Recommended by Charles Scott Jones

  • The Play of Excessive Exposition, Stereotypical Characters, and Cliches
    15 Mar. 2024
    In THE PLAY OF EXCESSIVE EXPOSITION [. . .], playwright Neil Radtke casts himself in the role of desperate and total hack and excels at hacking his way through this riotous spoof of bad mystery writing like a pirouetting Pirandello. The plot to put Max Laxative into the city’s water supply gets things flowing and it never stops in this show about shows that shows shows.
  • First Date 2099
    15 Mar. 2024
    Truly effective and prescient writing. Relatable dialogue creating an appropriate contractual outset to romance. As with all worthy futuristic satire draws intriguing parallels to the present. FIRST DATE 2099 by Mike Byham somehow stays one step ahead while staying within the established date strategy for Man and Woman. What makes this hum along like a distant love song on the radio is that Woman makes herself both salesperson and object and Man is never wrong with the coin flips in more ways than one. Has a date that goes "very well" ever been more unsettling or amusingly ambiguous?
  • Five-Minute Major
    11 Mar. 2024
    The hockey career of a future enforcer or goon is founded by a violent tantrum after missing an open net. FIVE MINUTE MAJOR is an amazingly sustained monologue from Bugsy Morano told in real time. From the penalty box. Brawling has long been the ruin of professional hockey, and here are some insights from Mike Byham and his player-confessor into the thinking of the powers that be and the bloodthirsty fans that keep it going well beyond the hockey arena. Pro hockey could be played as they do in college or the Olympics with no tolerance for fighting.
  • SEEN
    11 Mar. 2024
    The things that Angela and Charles endure together. Within the final room is the relief of having “no evil machete-wielding robot mimes," among other spoofs of horror film tropes. Really admire that with SEEN (Seen-Saw?) Neil Radtke has cut through all the givens of great campy horror and given us instead the final scene which is a doozy. Fine twisty work.

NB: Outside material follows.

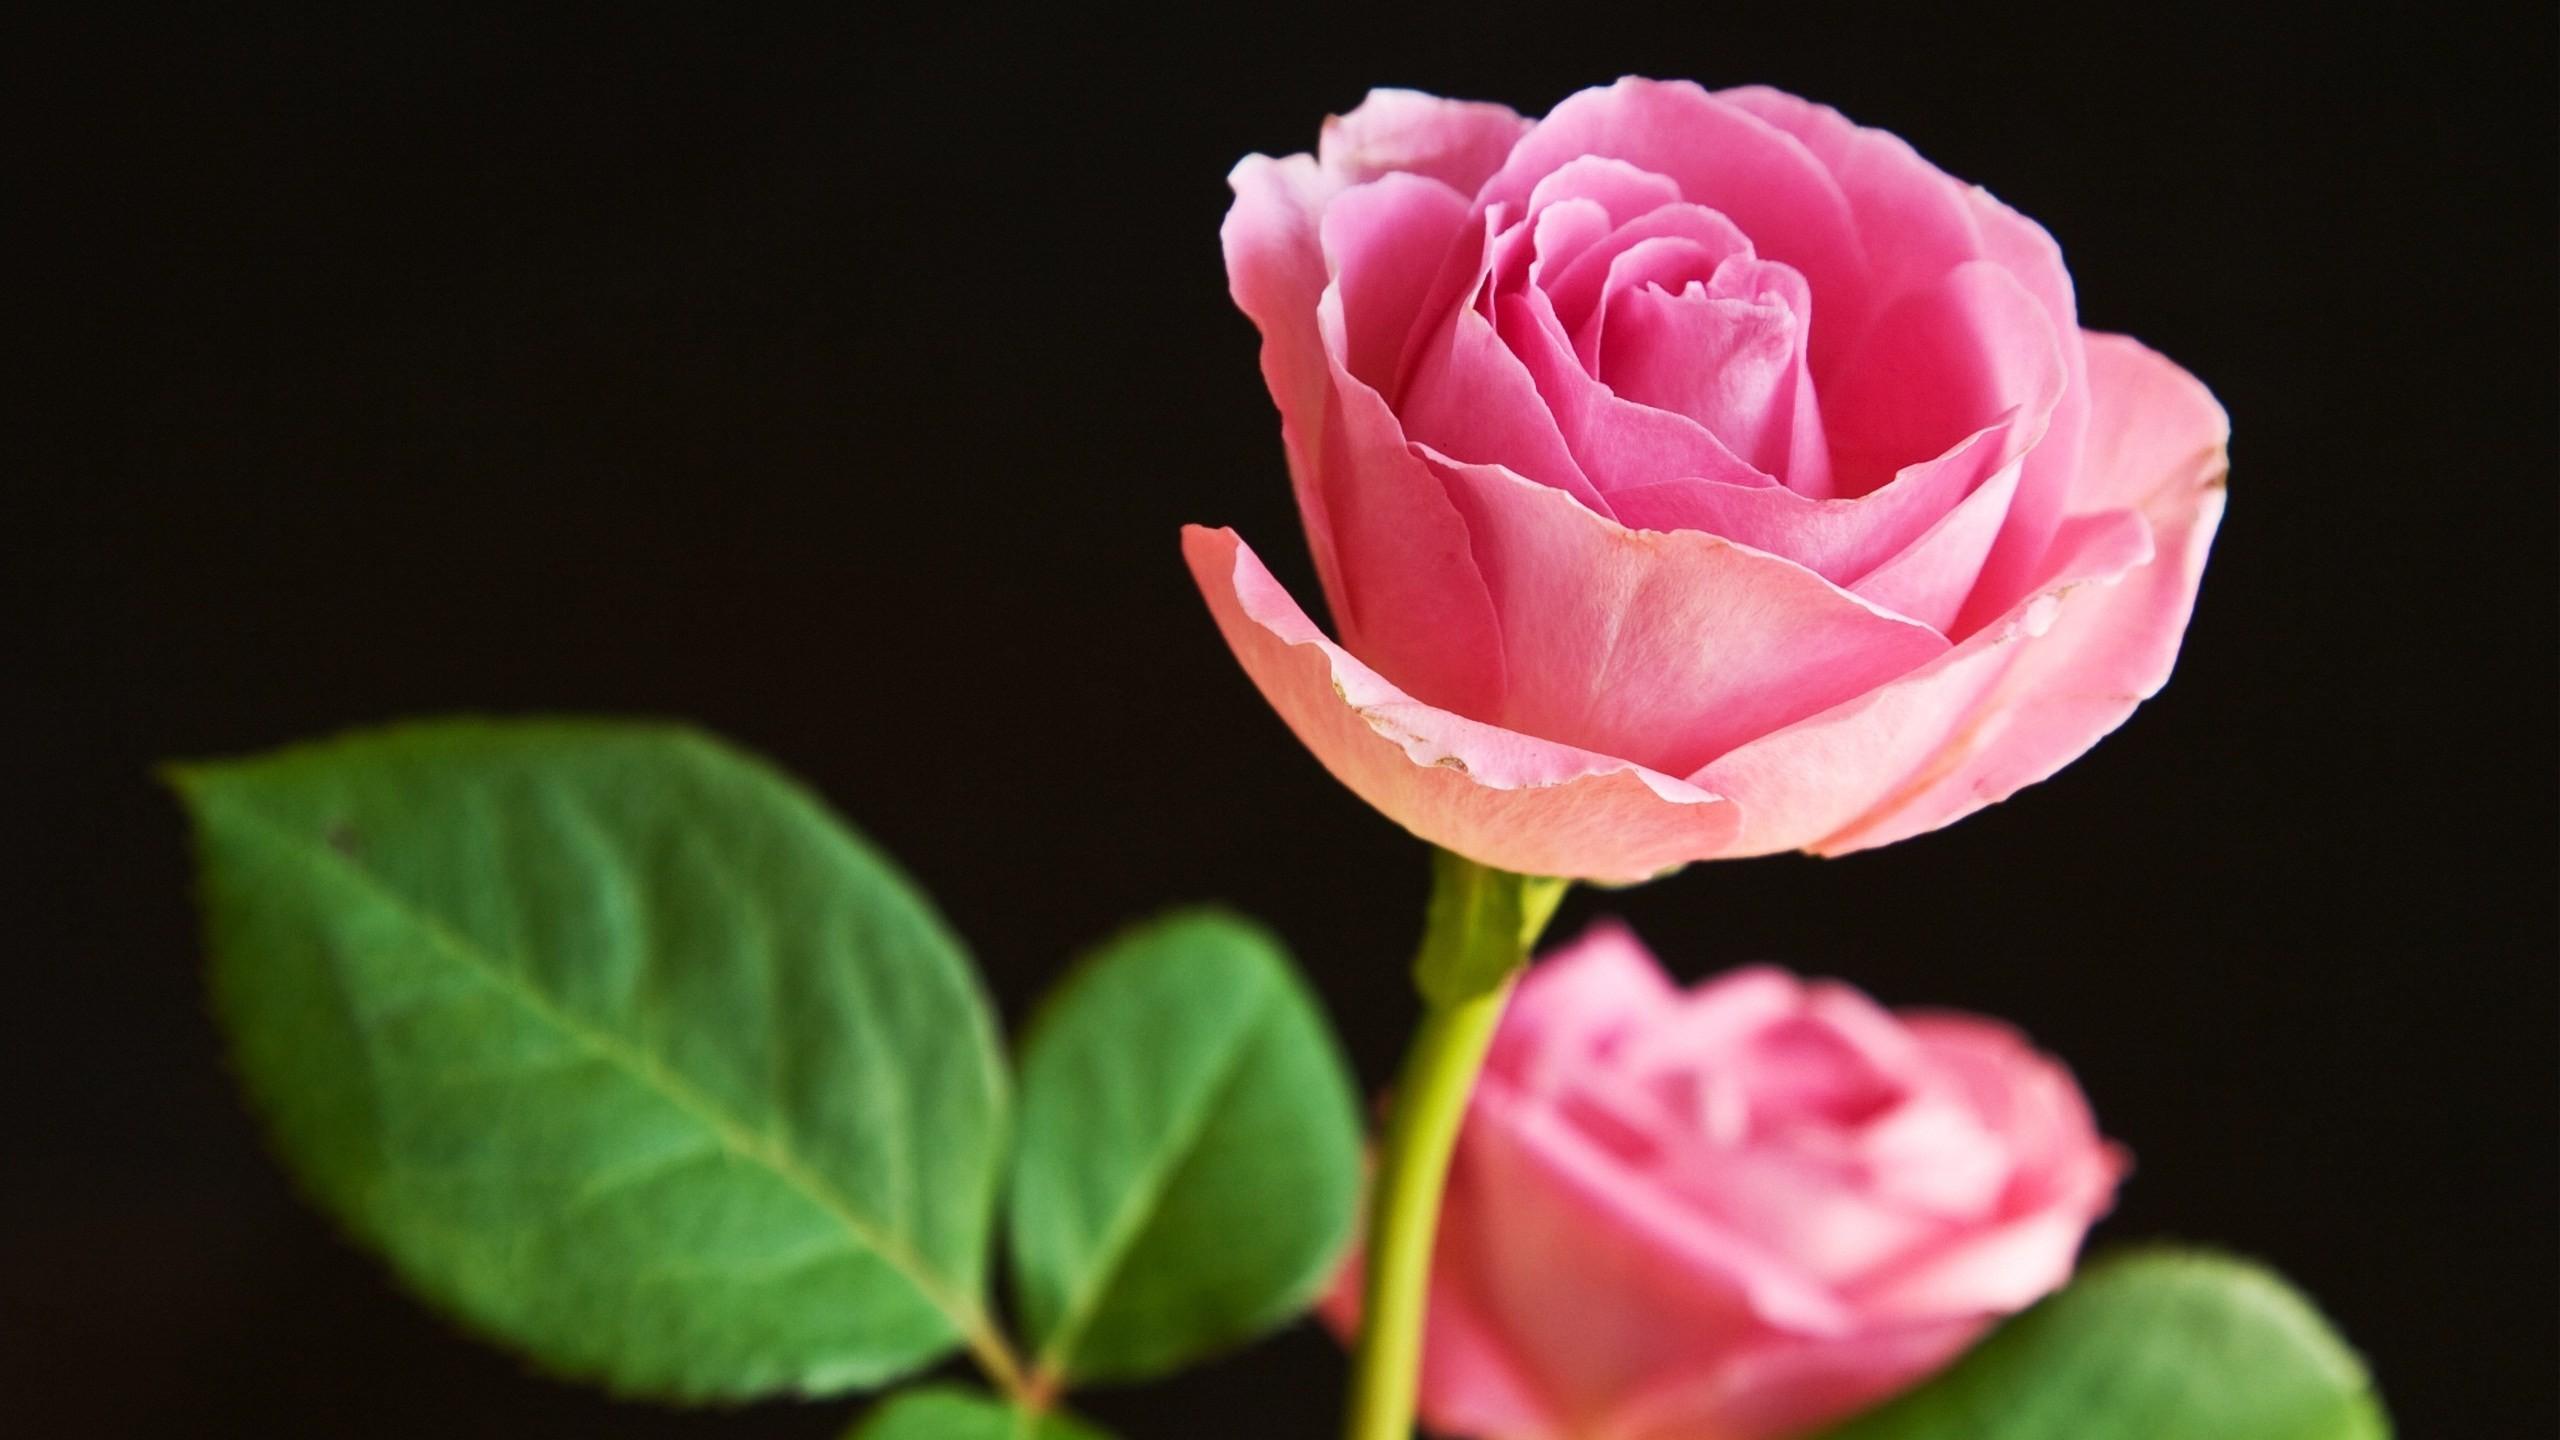 Rose flower wallpapers for desktop 48 images 2560x1440 beautiful flowers photos for desktop background izmirmasajfo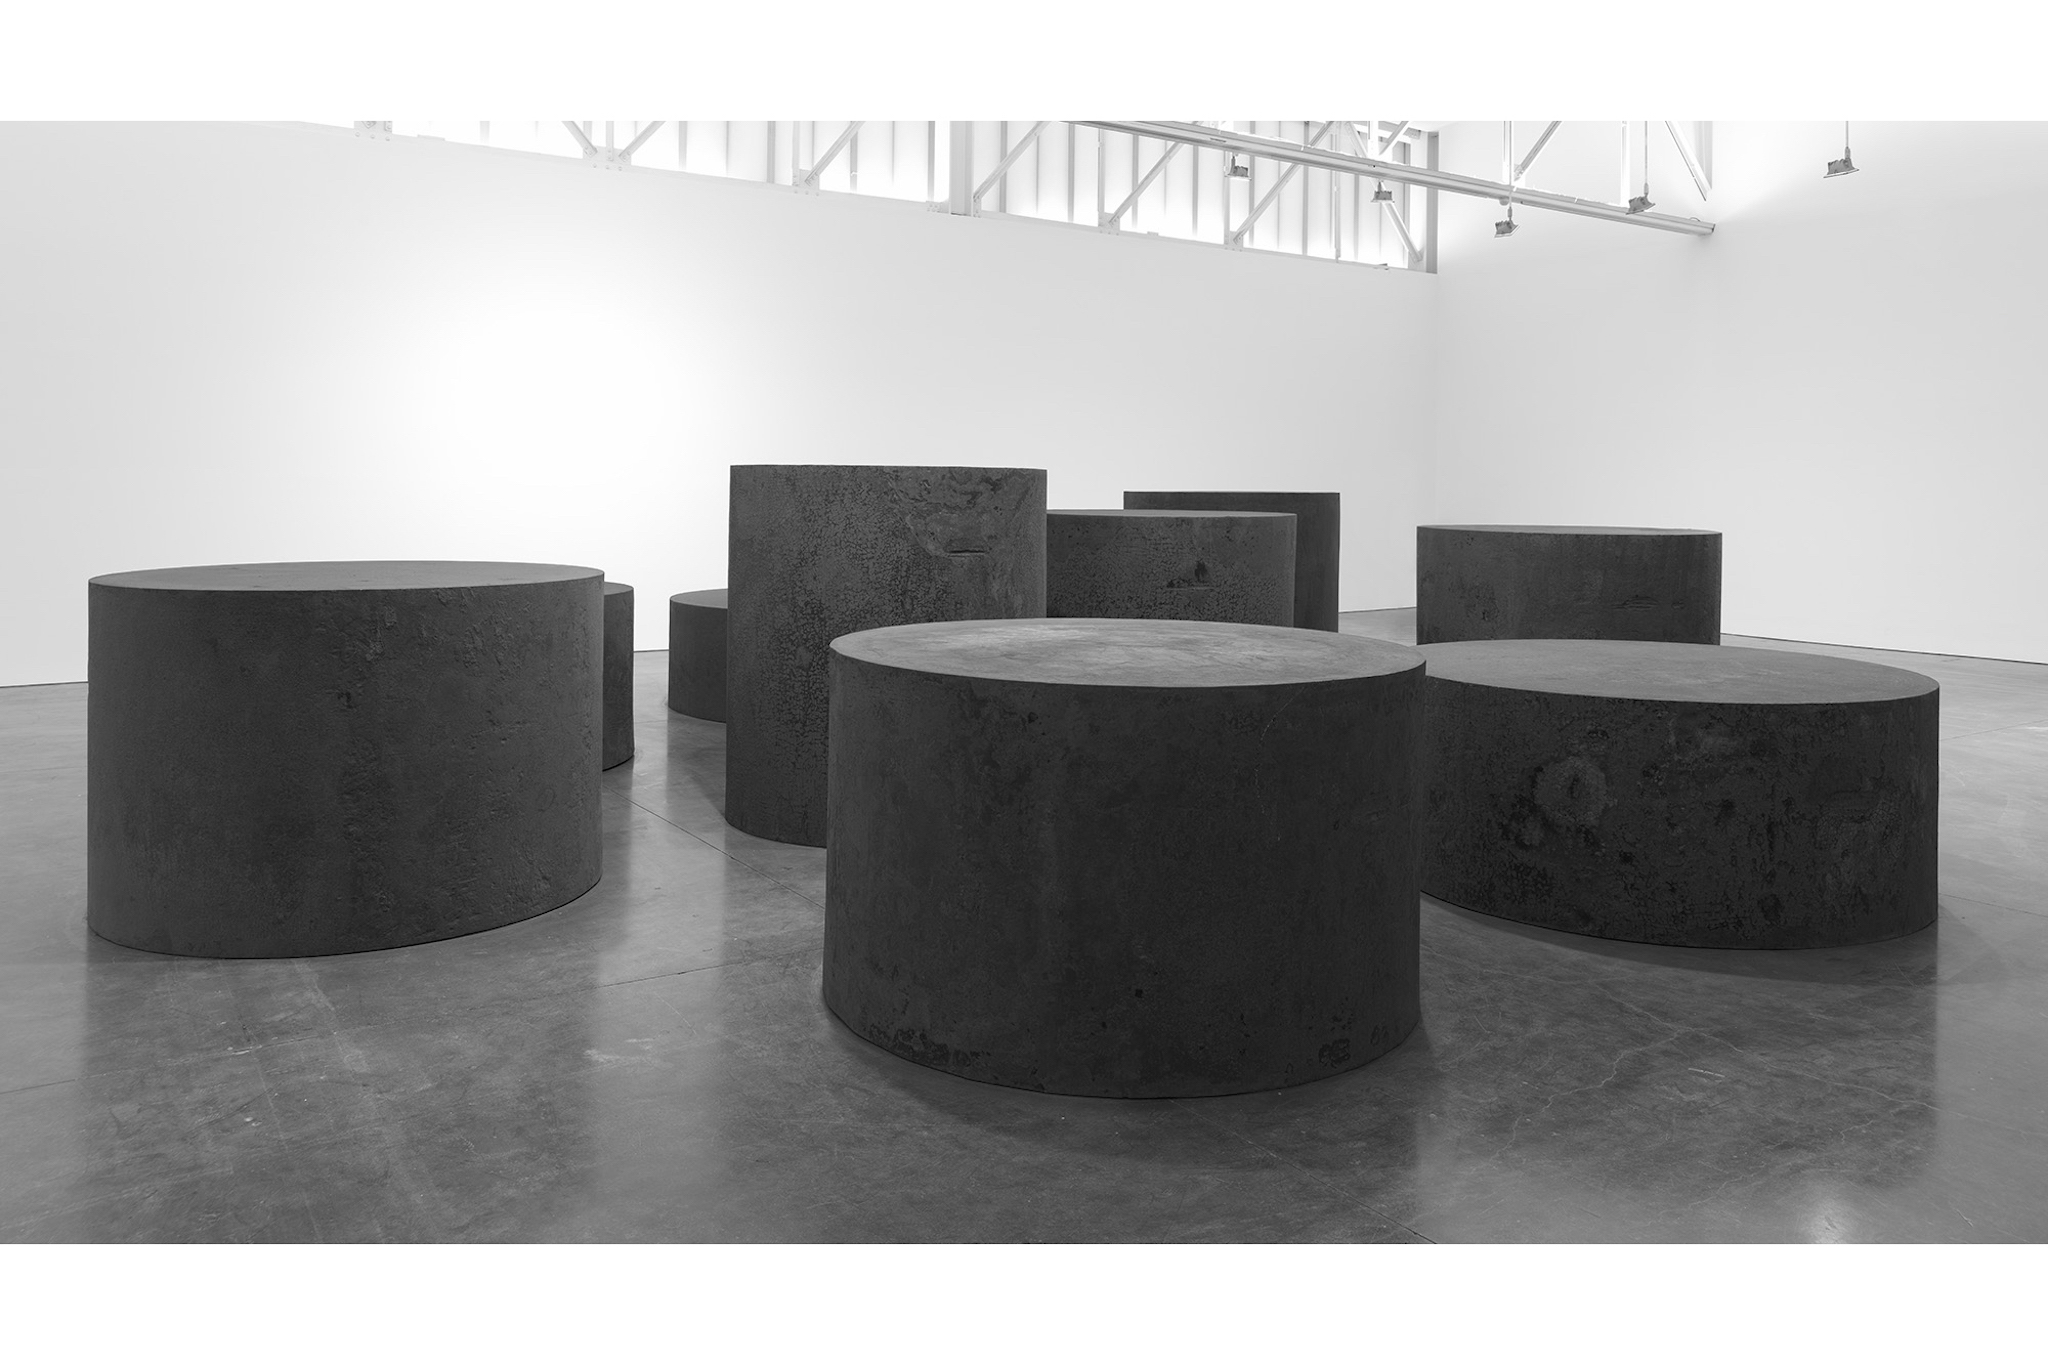 Richard Serra, Nine, 2019

  • I am the Center of My Universe
    11 Mar. 2024
    Our place in the universe. What could be more thought-provoking? From the earth as the Pale Blue Dot in the photo taken by Voyager I, while billions of miles away - to standing before Van Gogh's Starry Night at MOMA. Read Nora Louise Syran's wonderful monologue.
  • An Audience of One
    8 Mar. 2024
    AN AUDIENCE OF ONE by Michael C. O’Day is a brisk and entertaining short play with 5 allegorical characters. The action is very cleverly strung along with one-word utterances that parody the kind of social interplay our lives have been reduced to, in this, our capitalist world of brief transactional encounters. By the end we feel Hero’s frustration, but - alas - the golden age of the hero has been superseded by the consumer. A cool play for our times, especially with Vendor as the nexus of the manic activity.
  • The Scarecrow and the Crow
    8 Mar. 2024
    A wonderful original children's play. For adults too. I'm partial to crows and scarecrows and even the black cat and love how Jonny Bolduc has knit this fable together. A very nice touch is having the farmer live in the scarecrow's imagination. The three roles for kids bring them into the act. Well done.
  • He Misses
    7 Mar. 2024
    This remarkable play explores gender roommate imbalance through a urine crisis. The liquidy crux of HE MISSES is more thought about than talked about - but once brought out into the open - the debate is provocative and messier or more complicated than one might think. Is it a psychological pissing on one's turf that Patrick Vermillon is exploring? Decide for yourself how far to take it. An astute mixture of realism sans bathroom carpets and absurdism, this fine work - it's easy to visualize - would spark various animated audience talkbacks wherever it plays.
  • For a Limited Time Only (The Bread Play)
    7 Mar. 2024
    During the first 20 pages I took laugh-breaks to indulge in the madness and during the last 20 I took thought-breaks. Intuitively falling into the basket-by-basket rhythm of this demented work of virtuosity. The can’t-leave component of this fine piece of insanity has pleasant associations with Bunuel’s “The Exterminating Angel” - however, with THE BREAD PLAY, Daniel Prillaman has sharpened the focus and deepened this no-exiting Hades eatery with the illuminating reciprocity of Val and Arlo. Who are so good you're willing to follow them into the Dough of Eternity because the breaking of bread will never end, amen.
  • What You Wish For (short)
    7 Mar. 2024
    WHAT YOU WISH FOR by David Hilder is a saucy modern take on the Rumpelstiltskin fairy tale, a story with origins that may go back 4000 years, with a version in many cultures. The Hilder version is for adults, fast- paced, cynical, hyperbolic, and replete with the hierarchal sexism of the corporate workplace. Instead of spinning straw into gold for Miller’s daughter, the goblin with the secret name fondles her as she types magic into her desktop PC, making millions in the process. A disturbing and darkly funny mixture of the old and the new. Hilder is a force.